#### PROBLEM TO SOLVE
From the first line of the material through the line that holds "Most of my career was negative.", repeat each line exactly and skip any picture.

*** RECORDED INFORMATION ***

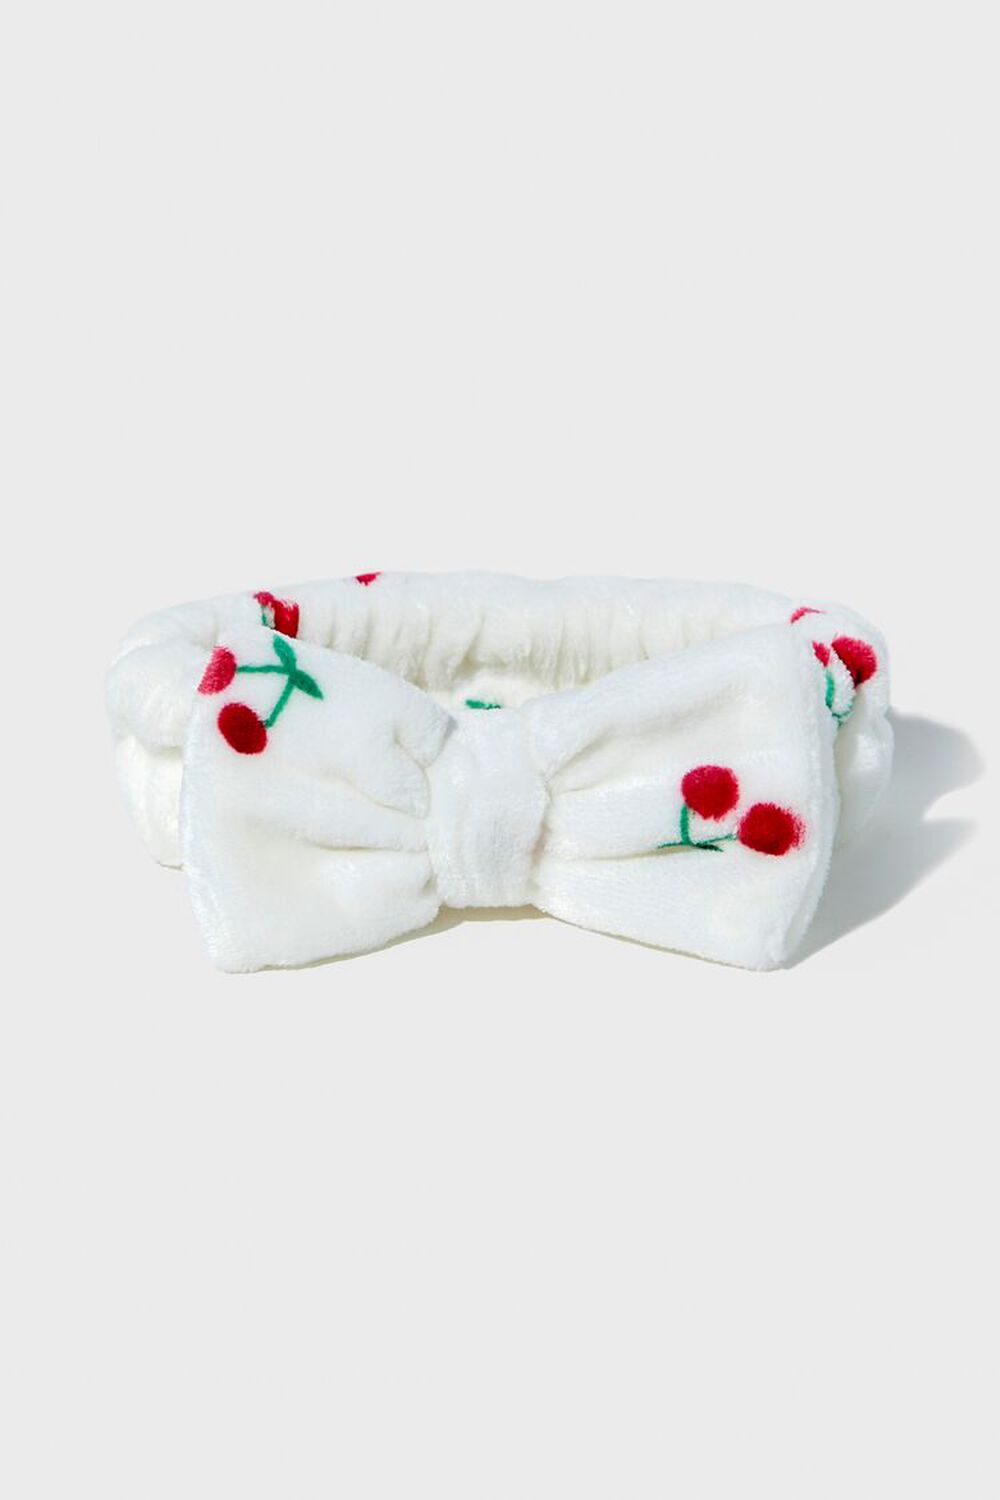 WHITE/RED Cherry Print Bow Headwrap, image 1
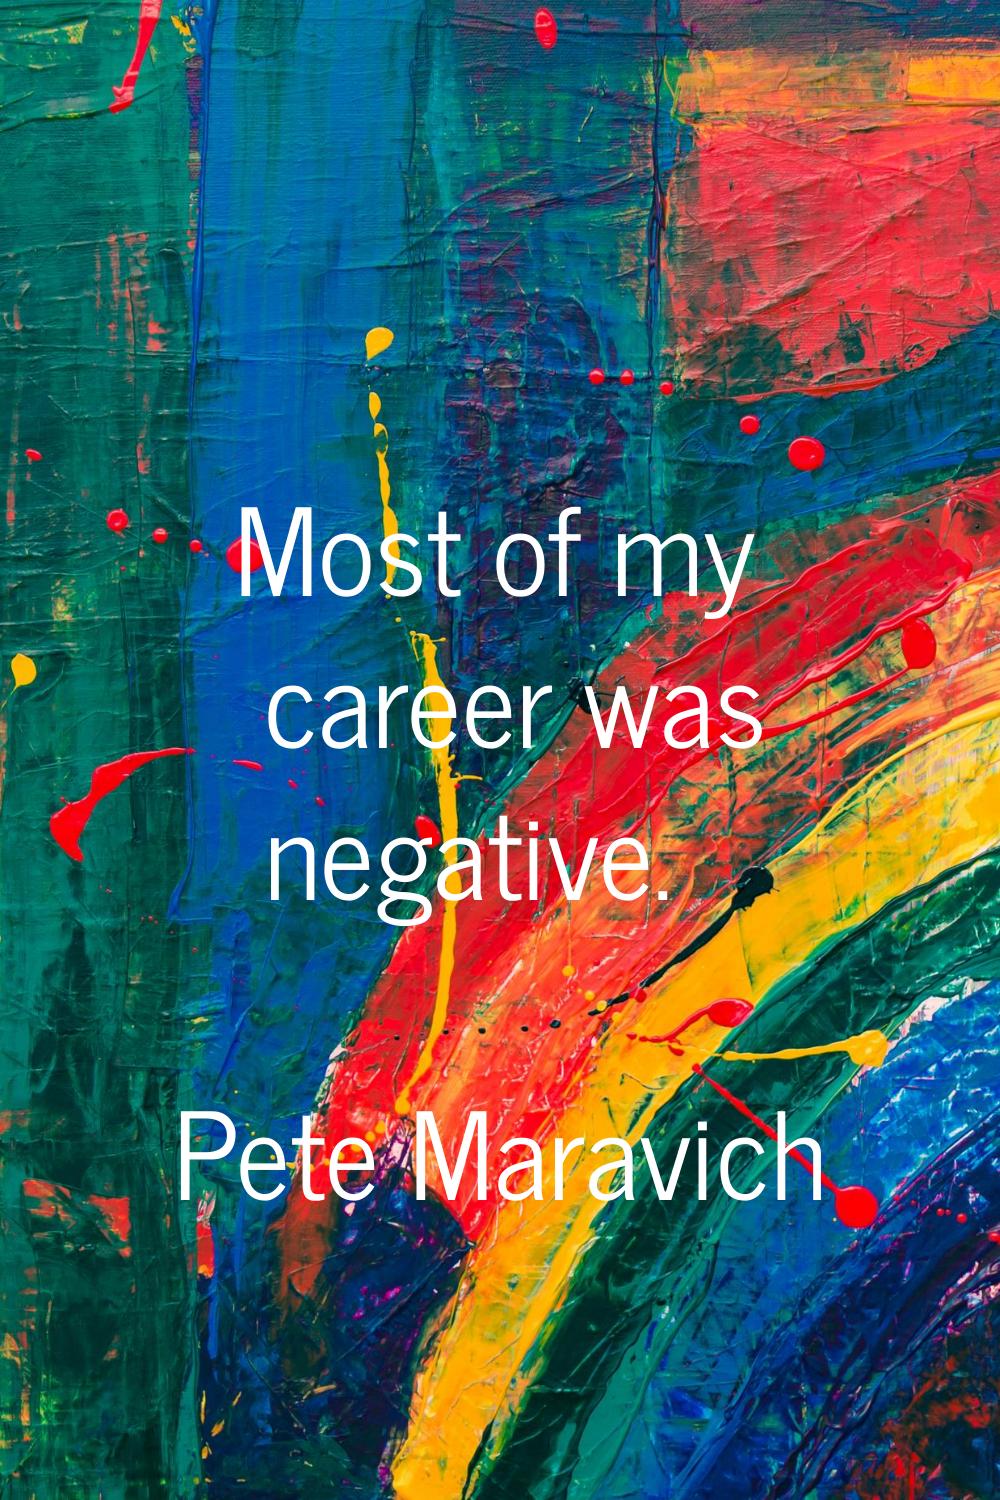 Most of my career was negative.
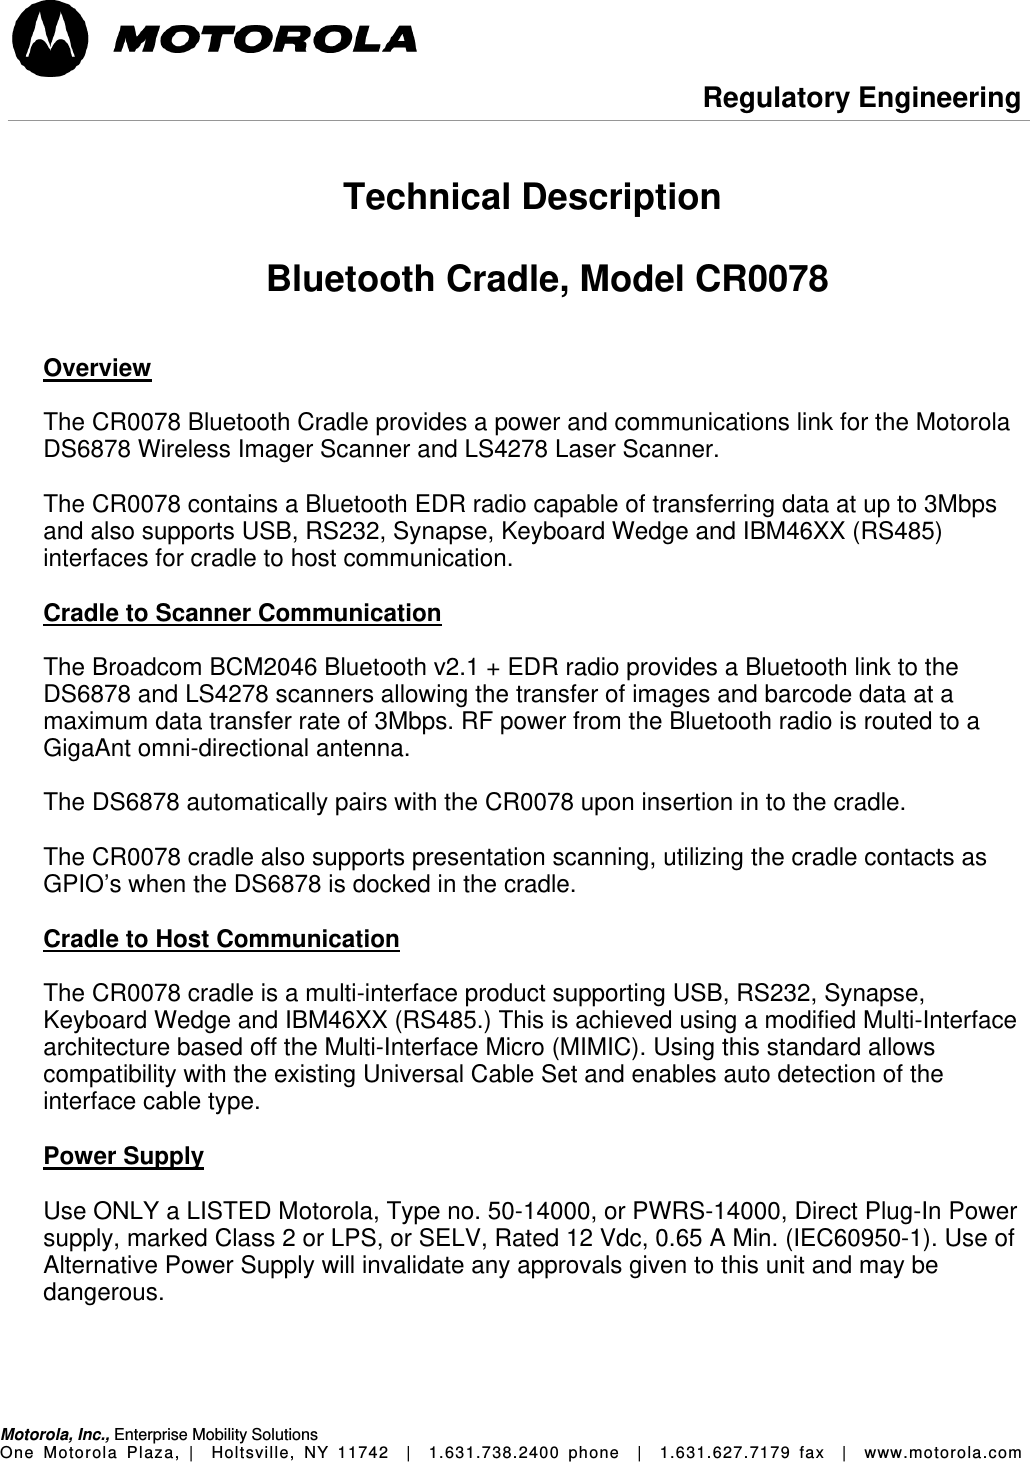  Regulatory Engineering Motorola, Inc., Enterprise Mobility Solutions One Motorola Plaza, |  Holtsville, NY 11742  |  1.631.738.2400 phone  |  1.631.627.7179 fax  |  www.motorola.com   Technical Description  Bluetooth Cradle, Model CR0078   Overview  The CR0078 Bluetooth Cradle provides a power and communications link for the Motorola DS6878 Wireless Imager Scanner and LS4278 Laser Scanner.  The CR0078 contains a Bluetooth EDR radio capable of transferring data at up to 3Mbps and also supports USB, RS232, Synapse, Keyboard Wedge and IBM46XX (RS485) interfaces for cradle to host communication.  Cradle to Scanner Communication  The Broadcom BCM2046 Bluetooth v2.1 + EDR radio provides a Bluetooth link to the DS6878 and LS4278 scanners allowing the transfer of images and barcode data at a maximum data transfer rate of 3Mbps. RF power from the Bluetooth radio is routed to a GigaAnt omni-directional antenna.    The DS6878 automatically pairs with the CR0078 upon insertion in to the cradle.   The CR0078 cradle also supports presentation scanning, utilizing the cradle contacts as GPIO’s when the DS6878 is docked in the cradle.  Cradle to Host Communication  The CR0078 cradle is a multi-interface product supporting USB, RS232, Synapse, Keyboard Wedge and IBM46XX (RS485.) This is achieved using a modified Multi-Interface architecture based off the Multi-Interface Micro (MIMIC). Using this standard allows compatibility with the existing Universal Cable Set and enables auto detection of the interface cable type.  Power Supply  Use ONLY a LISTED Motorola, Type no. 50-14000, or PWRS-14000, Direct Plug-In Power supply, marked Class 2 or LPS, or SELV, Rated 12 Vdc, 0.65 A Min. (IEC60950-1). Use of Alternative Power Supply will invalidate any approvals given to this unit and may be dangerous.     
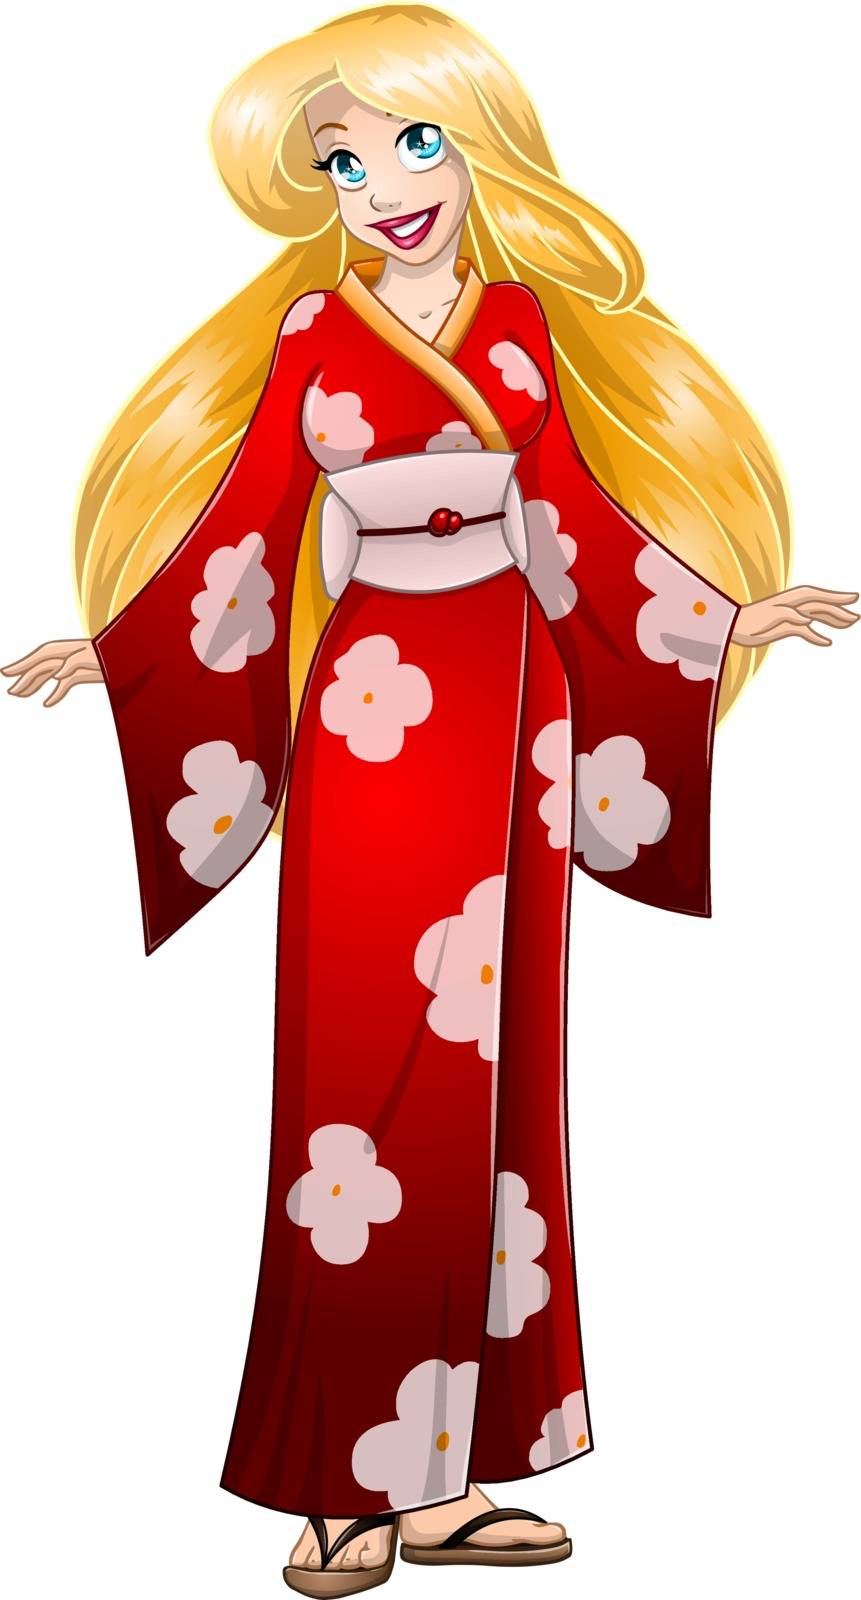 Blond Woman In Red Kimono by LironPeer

***

#### REPLY
 WHITE/RED Cherry Print Bow Headwrap, image 1
 Most of my career was negative.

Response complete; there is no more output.